I finally joined a gym last weekend. This weekend I got an all new gym “wardrobe.” I figure by next weekend I might even have actually gone. I don’t know why I’m so nervous about going. I feel very vulnerable letting strangers watch me be a wuss, that’s why I chose a gym that I know is mostly full of fat old white ladies. We can gossip about our husbands and lack thereof and discuss the side effects of the various medications we all take. And then I’ll feel left out because I’ll be the only one not on Xanax and Lipitor. And because they have more stamina.

On another note, this video reminds me of the time that hooker was begging me to let her “entertain” me and I was dying inside because I was too young (26) to know about those things. HBO informs me that hookers come in all shapes, ages and sizes, but this particular one may have been the last one on Earth I might’ve been entertained by. Nevermind the “homemade” tattoo of the swastika on her forehead.

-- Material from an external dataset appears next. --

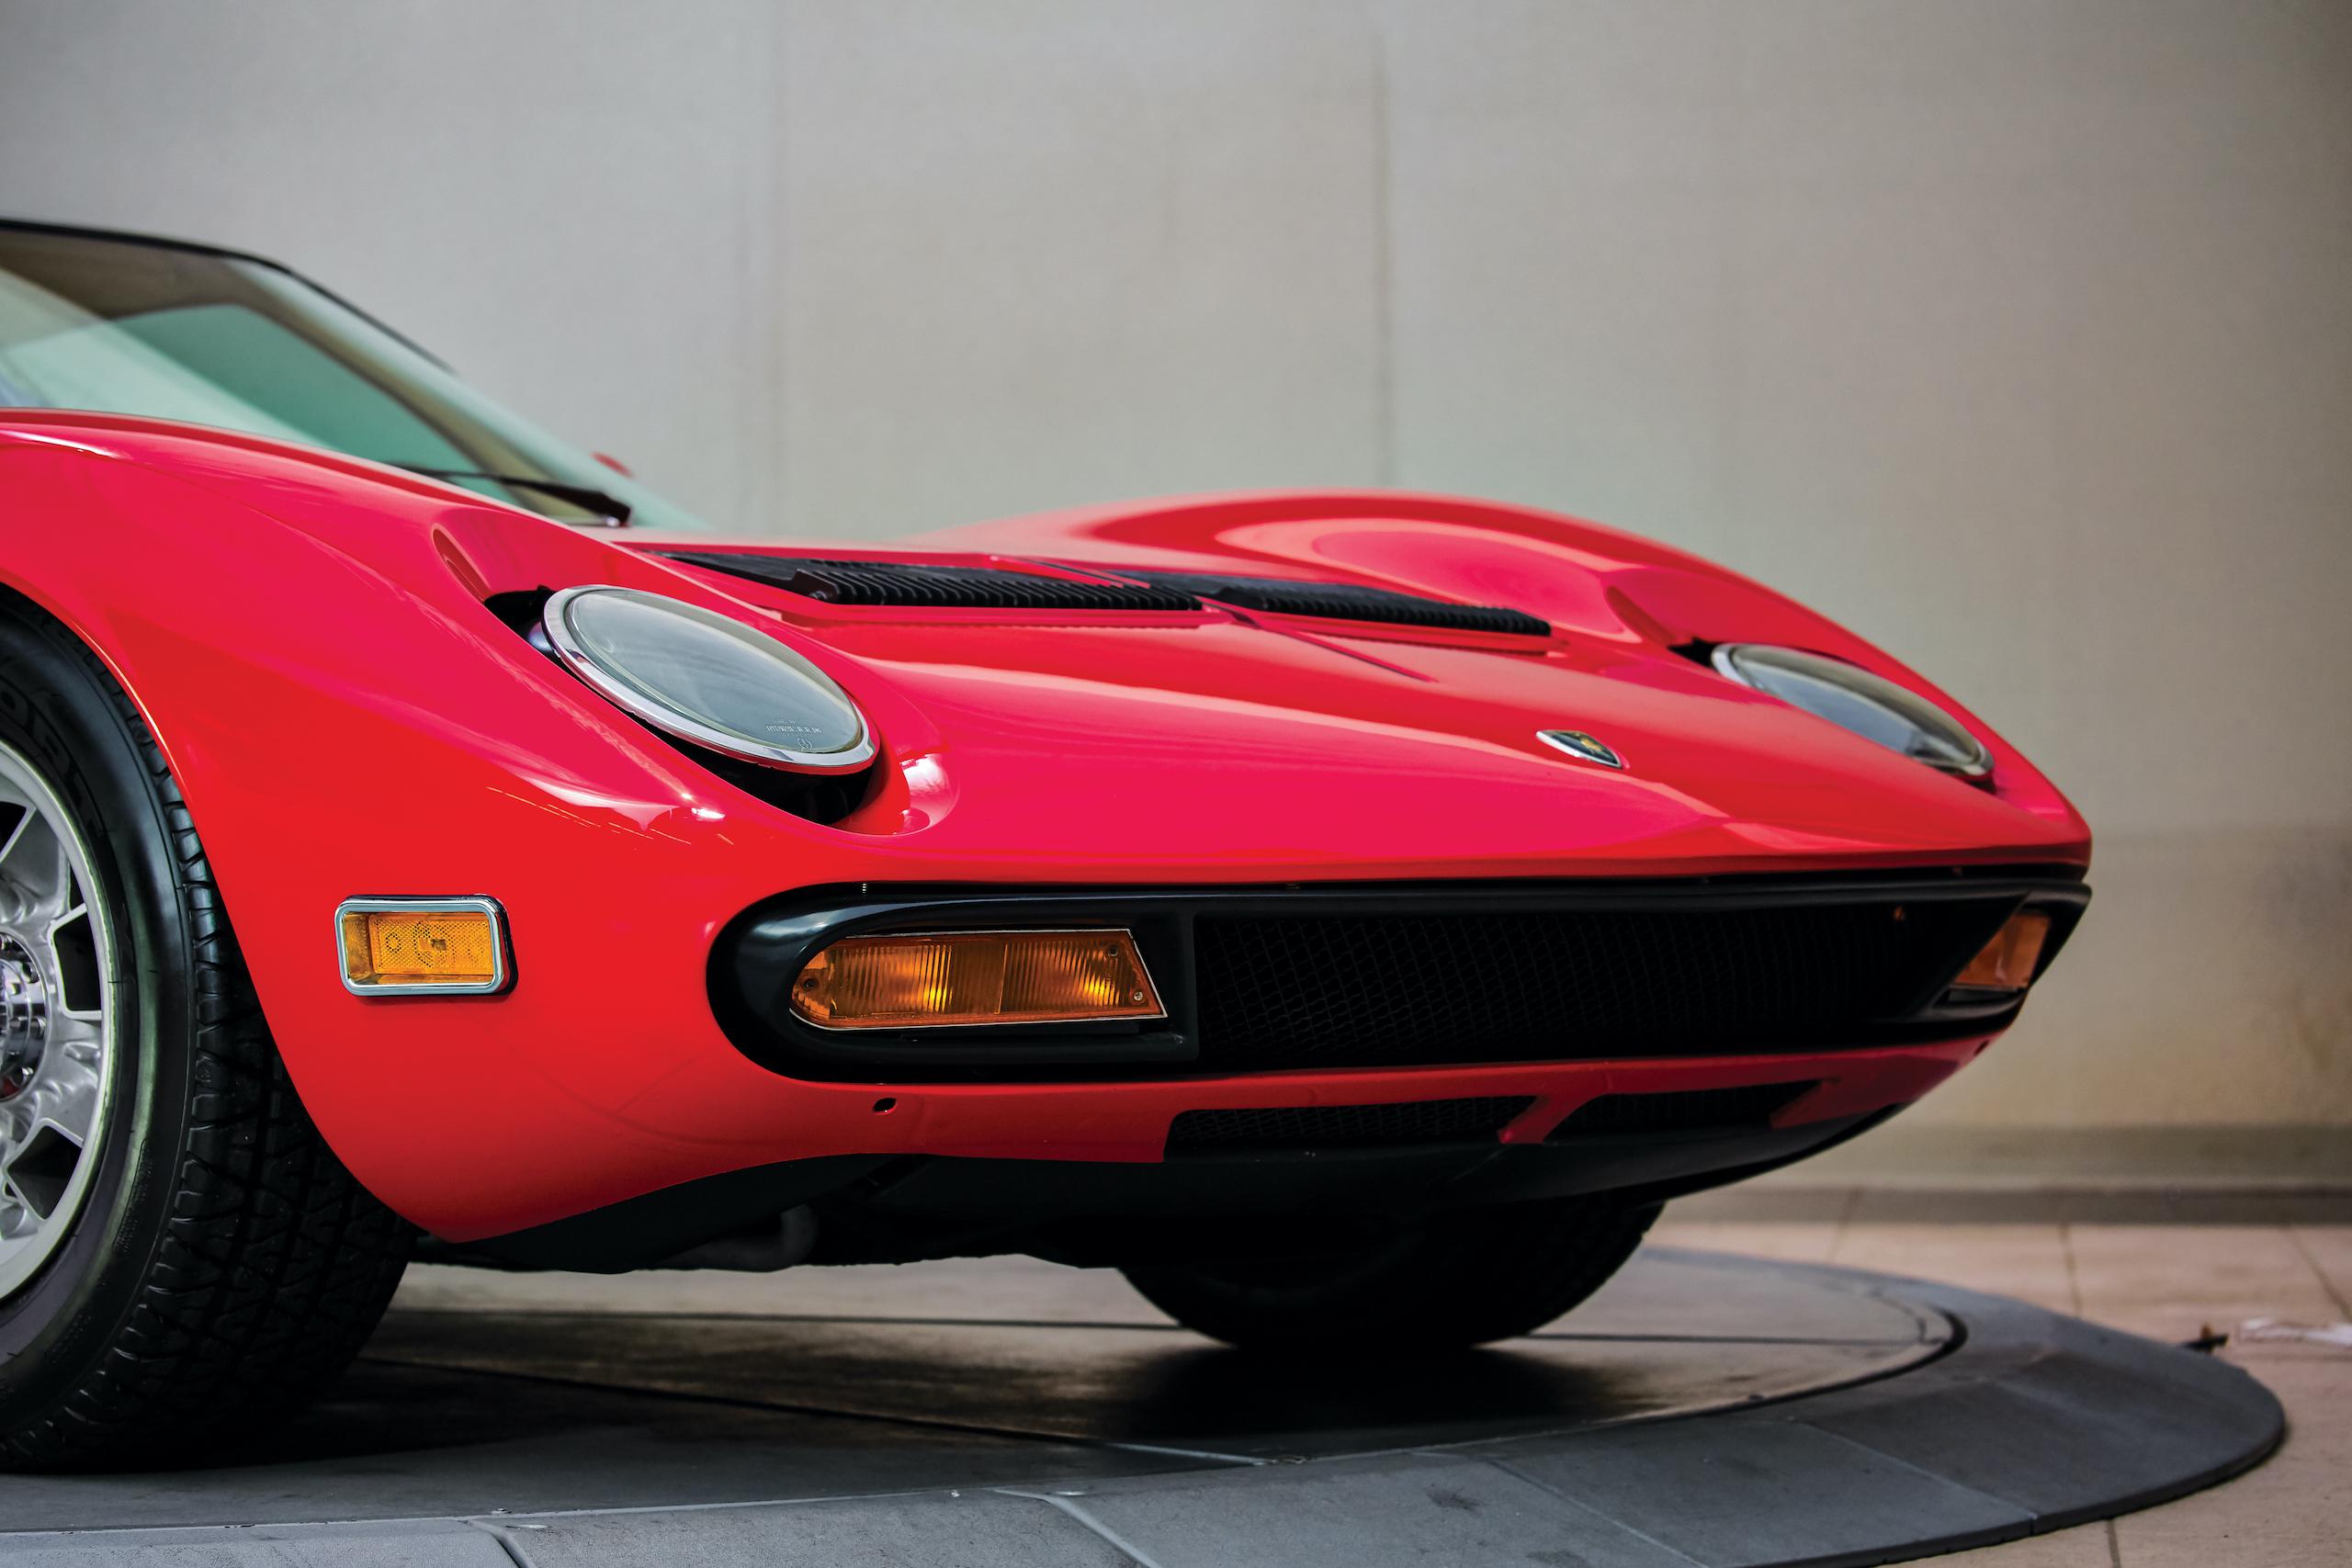 1971 Lamborghini Miura P400 SV front fascia

“The Doublemeat Medley is PEOPLE!”

Monday March 17th 2008, 6:18 pm
Filed under: The Wiggins

I know a lot of people don’t talk about work on blogs, and the various reasons why are completely understandable. If you haven’t figured it out: I am not one of those people. I’m there 9+ hours per day - it is a big part of my life. The part I’d like to cut out with a rusty saw, but I digress. I’ve decided not to hold back on work stories, and even though I don’t work in fast food or food at all or anything close, I have decided to start referring to my workplace as the Doublemeat Palace*. Because it fits.

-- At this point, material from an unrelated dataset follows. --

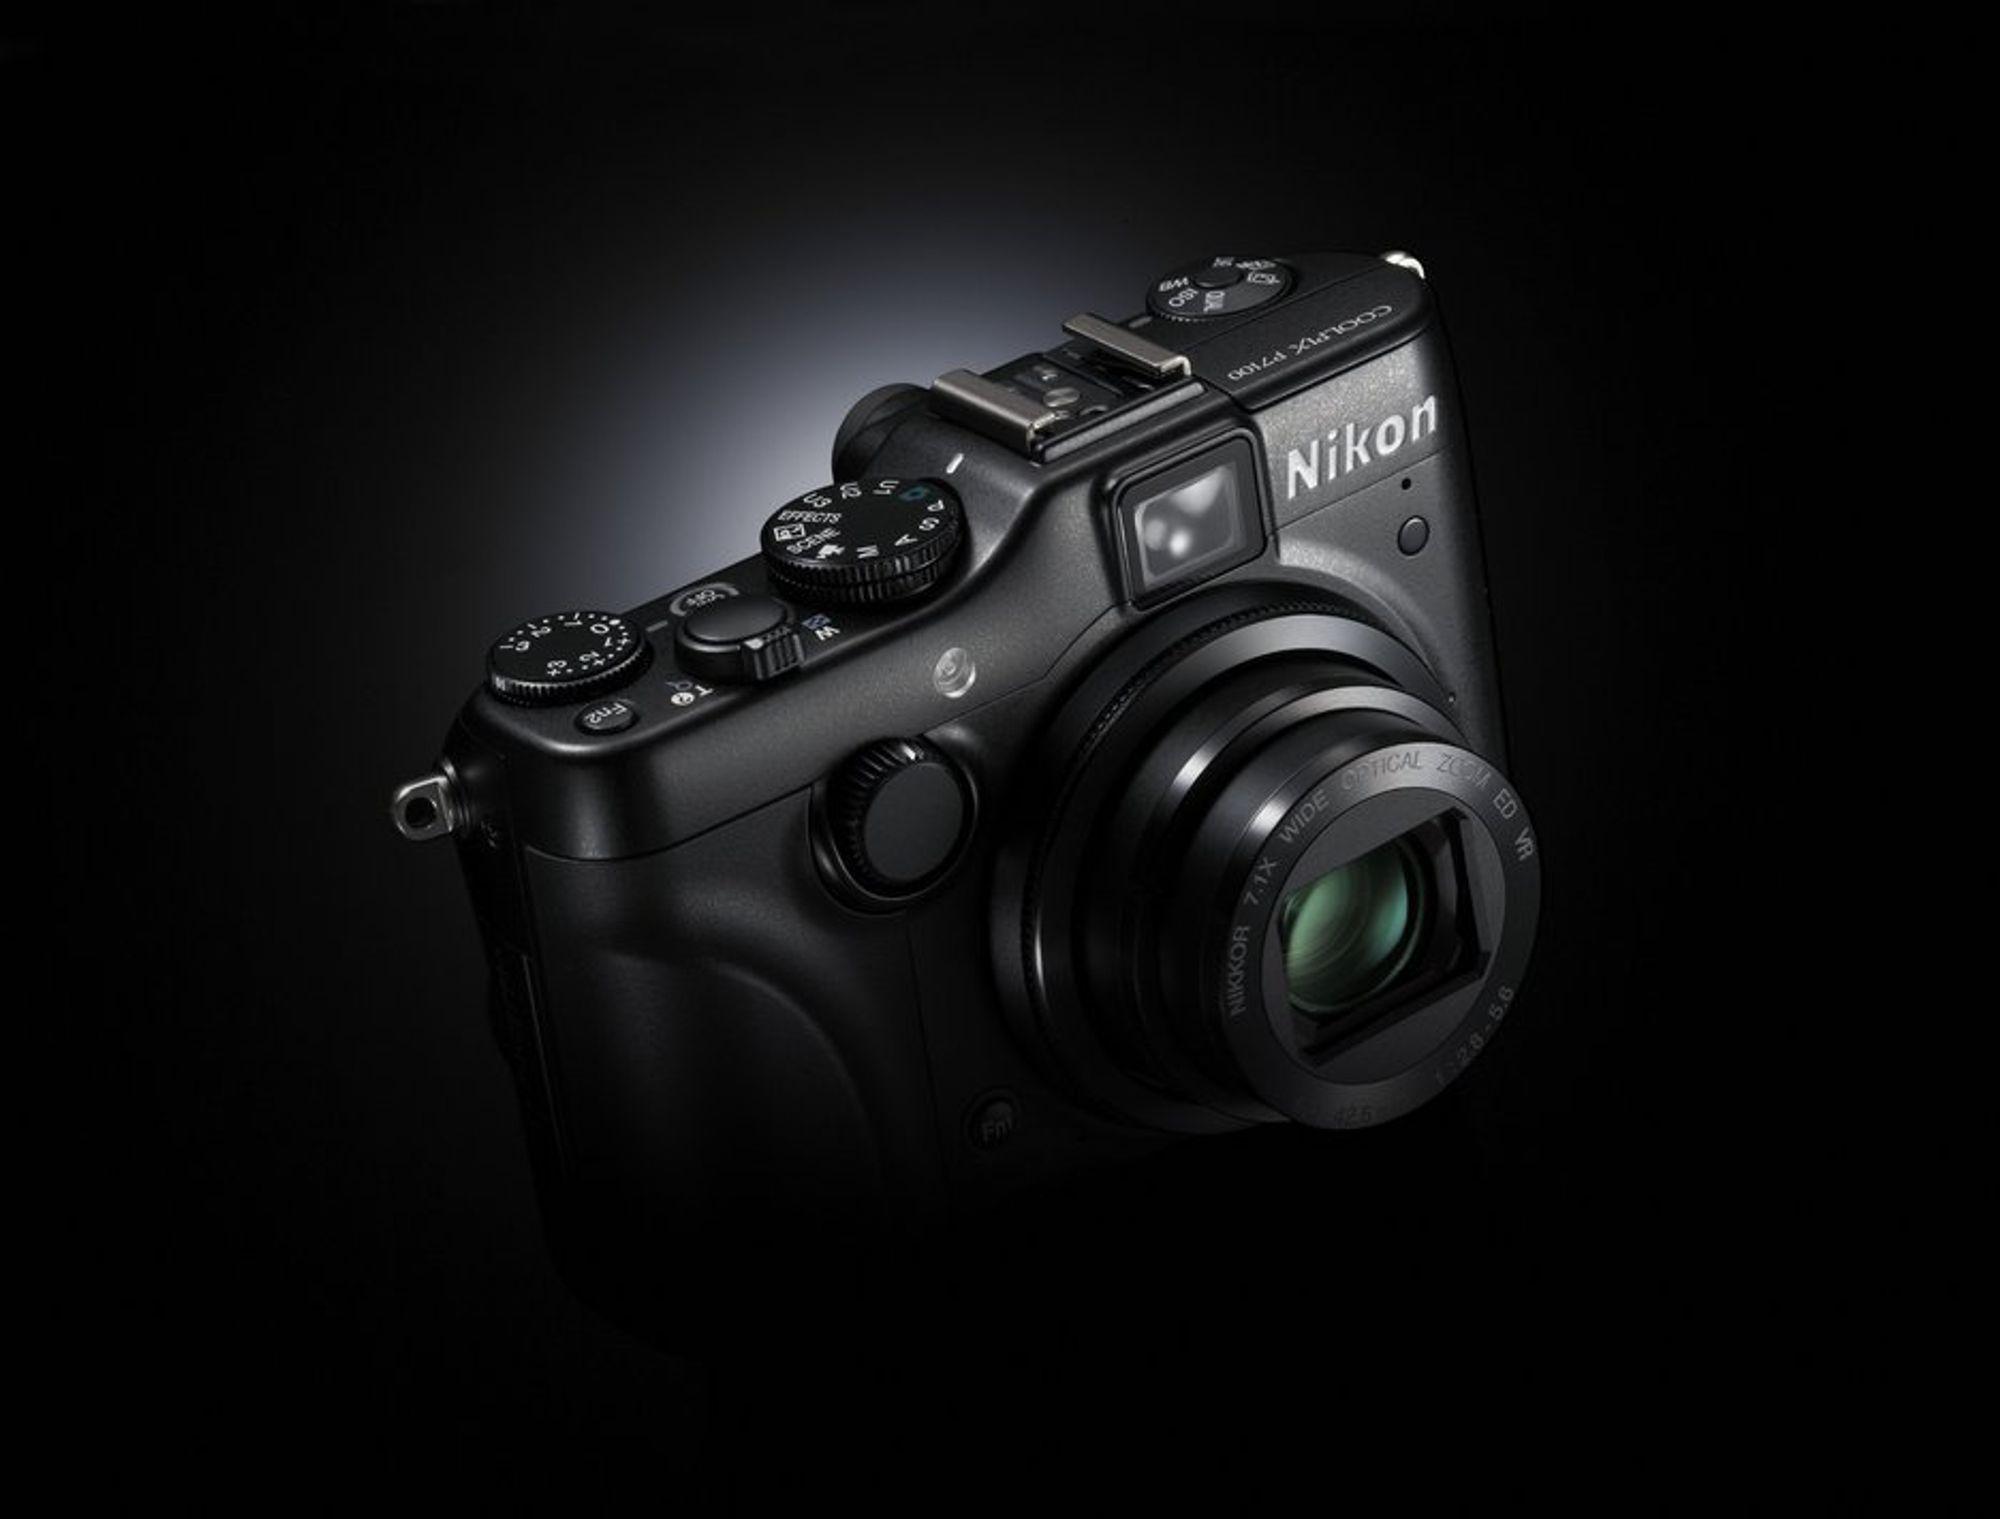 P7100 er Nikons nye flaggskip i Coolpix-serien.

No story to tell just now, but I did have yet another run-in (making strong efforts here to avoid any and all puns and double entendre) with Work-twink. He was parked by the backdoor of the Doublemeat Palace awaiting my exit. I tried to run but his fungal powers paralyzed my will (because I’m NICE), and I got stuck talking to him for at least 10 minutes. Finally I said “okayIhavetogonowBYE!” and darted. He was this close <-> to asking me to hang out with him. I’m still recovering.

*this is yet another Buffy reference.



WEIRD.

Sunday March 16th 2008, 1:38 pm
Filed under: The Wiggins

Yesterday I saw my mother and she showed me this book she got at an estate sale for fifty cents (because her biggest thrill in life is a steal, which explains my extreme excitement at finding an unopened season of Angel in a thrift store for $3.94 - it was one of the best things that happened to me in 2006).

Ahem. Anyway, it was a hardcover copy of Stephen King’s Insomnia in immaculate condition. I was flipping through the pages and something fell out - a 10 year old voter registration card. With my mother’s name on it! My mother has a very distinct combination of names, which resulted in me bypassing the heebie jeebies and going straight for the wiggins. I’m convinced it’s some kind of omen.

And there was a note written on the front page: To [My mom's name], from [my best friend's name which is also very unique]. This is weird because my best friend suffers from a rough case of Insomnia and has to alternate her sleeping pills so they don’t lose effectiveness.

In closing, a question: sesame seeds on bread - why?